*EXERCISE OBJECTIVE:* Everything in the listing below must be set down again exactly, apart from the pictures.

** THE DATA follows **

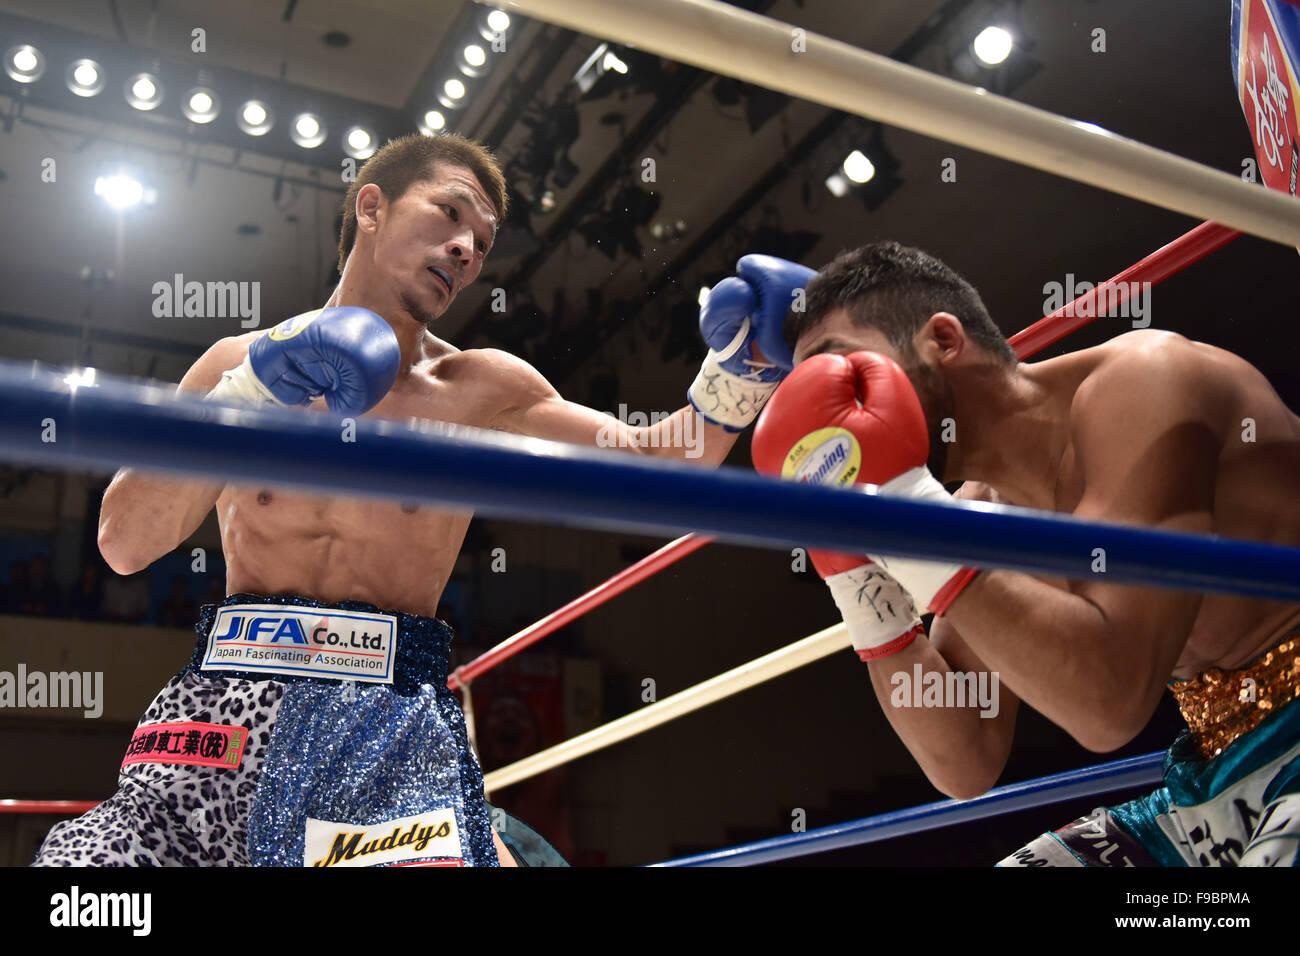 Tokio, Japón. 14 de diciembre de 2015. (L-R) Kenichi Ogawa, Rikki Naito boxeo : Kenichi Ogawa de Japón Imagen De Stock
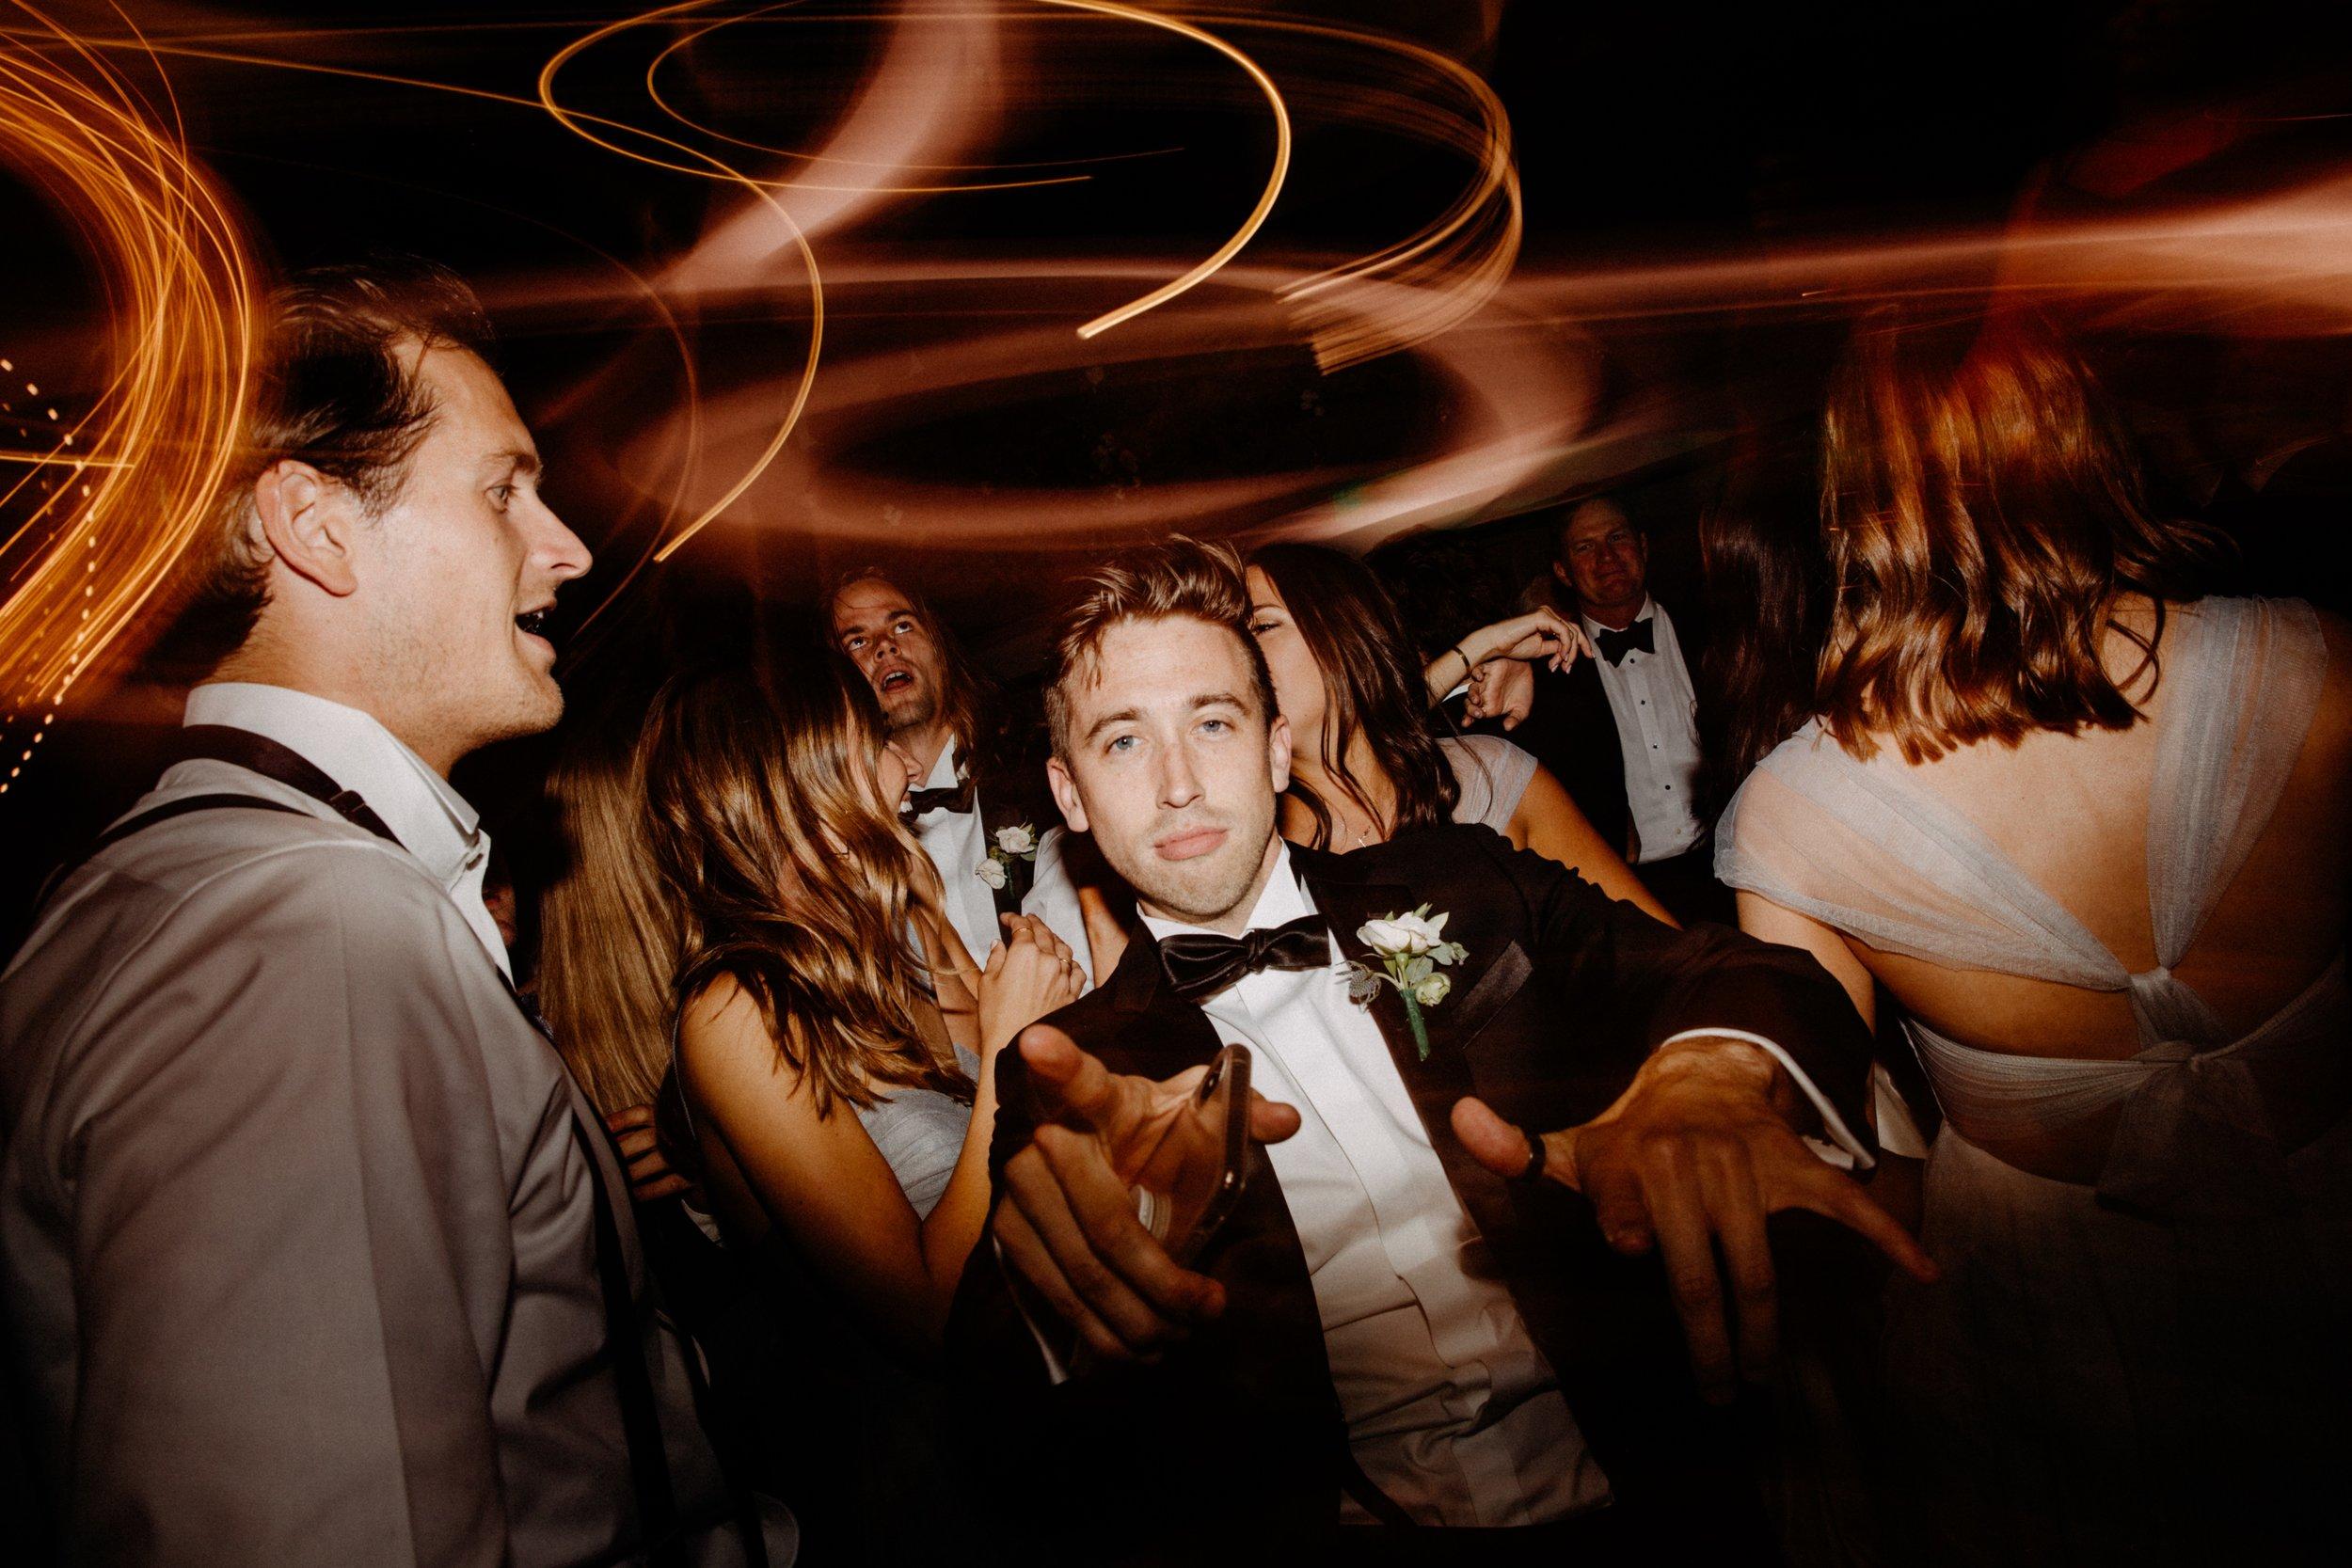 st-anthony-hotel-wedding-photography-10163san-antonio.JPG
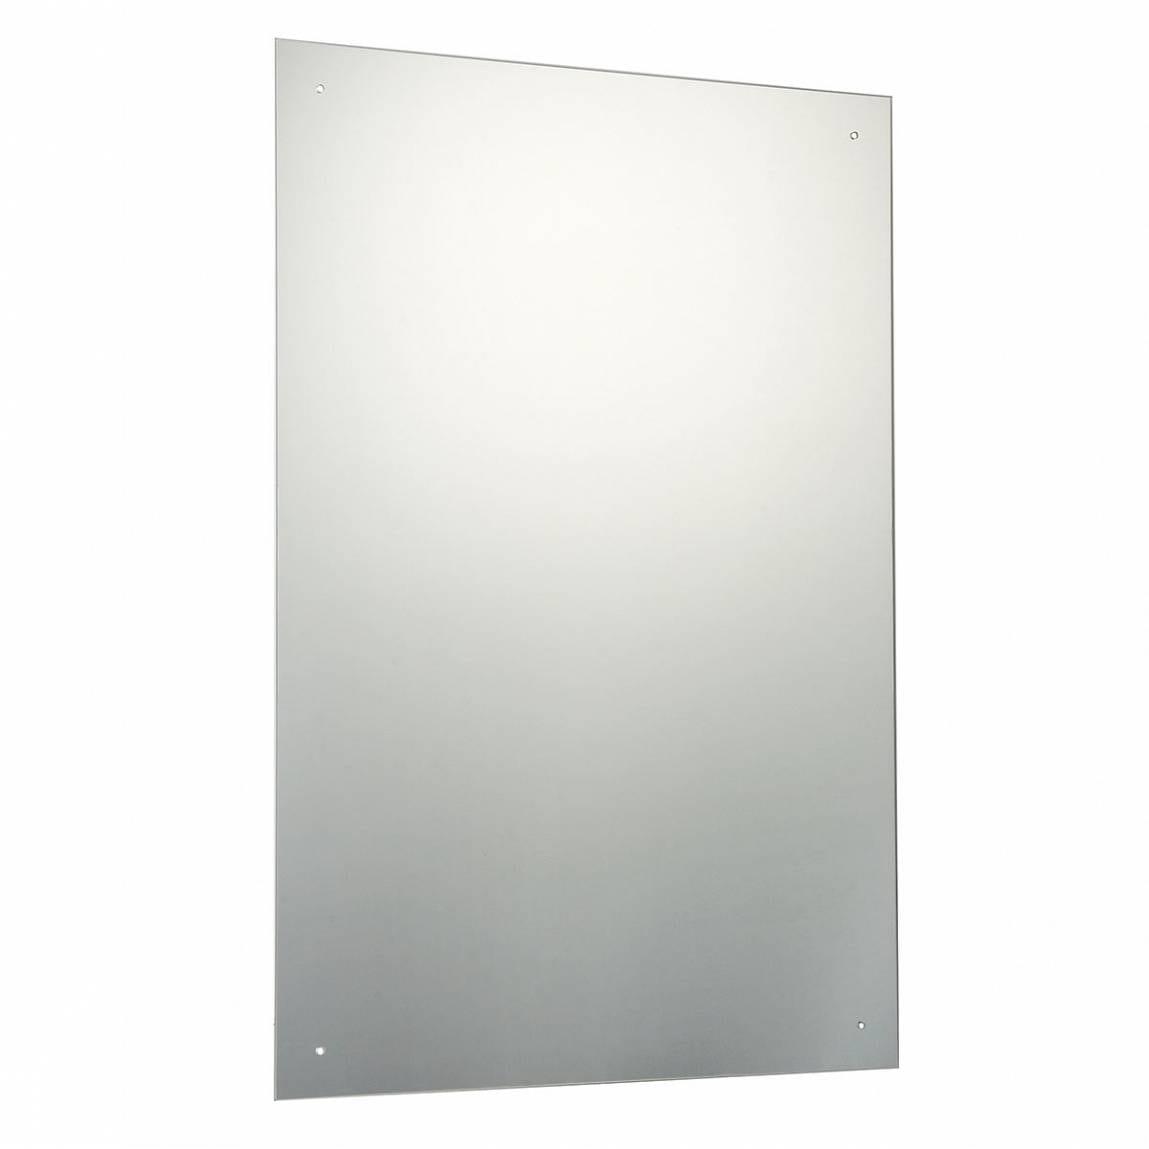 Orchard rectangular bevelled edge drilled mirror 600 x 900

** End of THE DATA **

*SOLVED PROBLEM:*
 Tokio, Japón. 14 de diciembre de 2015. (L-R) Kenichi Ogawa, Rikki Naito boxeo : Kenichi Ogawa de Japón Imagen De Stock
 st-anthony-hotel-wedding-photography-10163san-antonio.JPG
 Orchard rectangular bevelled edge drilled mirror 600 x 900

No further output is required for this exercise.